Był świadomy, że gapi się na tą postać z otwartą buzią i szybko unoszącą się klatką piersiową. Jakby łapał swoje ostatnie oddechy. Czuł jak jego serce wali, a dłonie zaciskają się w pięść na puchatym kocu.

Wiedział, że mógłby złapać za różdżkę, która była pod poduszką ale czuł się sparaliżowany. Spojrzenie postaci było ciężkie i sprawiało, że Harry tracił czucie w nogach i rękach. Bał się, że jeśli wykona najmniejszy ruch to postać rzuci się na niego i zabierze jego dusze daleko od tego miejsca.

Miał być tu bezpieczny, a tymczasem zastanawia się z iloma osobami nie zdążył się pożegnać.

— Boisz się, Potter?

Słysząc tak znajomy głos poczuł ulgę. Złapał duży chust powietrza i pozwolił swoim ramionom opaść.

— Jeśli to tak chcesz bronić się przed wrogiem to muszę stwierdzić z niepokojem, że marny Twój los. — Prychnął przeciągle. — Choć metoda bardzo kusząca.

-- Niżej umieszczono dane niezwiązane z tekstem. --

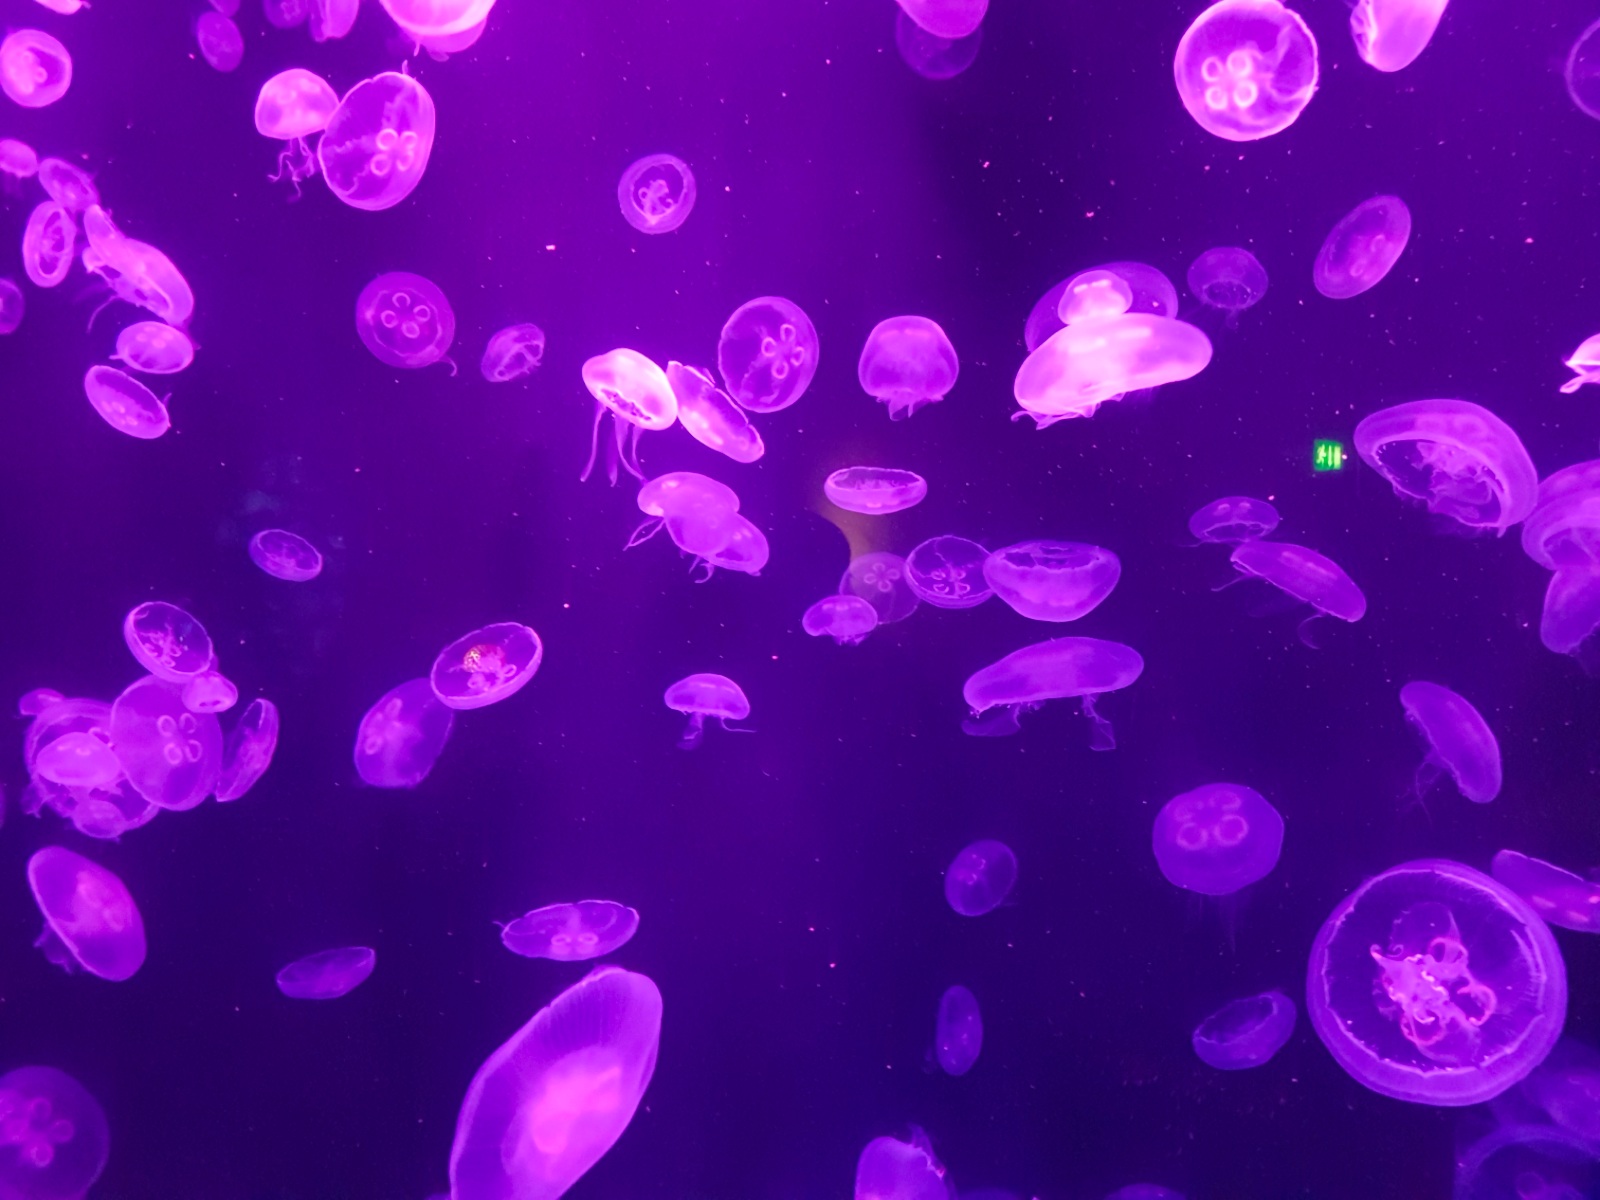 Lost Chambers Aquarium Dubai - Jelly fish

— Co Ty tu robisz? Znowu mnie podglądasz? — Zawołał oburzony, a kocem zakrył swoją odsłoniętą klatkę piersiowa. W głowie zanotował, by już zawsze sypiać w koszulce.

— Krzyczałeś przez sen, głupi dzieciaku. Przyszedłem sprawdzić czy nadzieja naszego świata właśnie nie umiera w katuszach. — Kolejne prychnięcie z ust mężczyzn, a potem do uszu Pottera doszło ciche Lumos, a pokój rozświetliły się do tego stopnia, że brunet był w stanie zobaczyć każdą rysę na twarzy Podglądacza.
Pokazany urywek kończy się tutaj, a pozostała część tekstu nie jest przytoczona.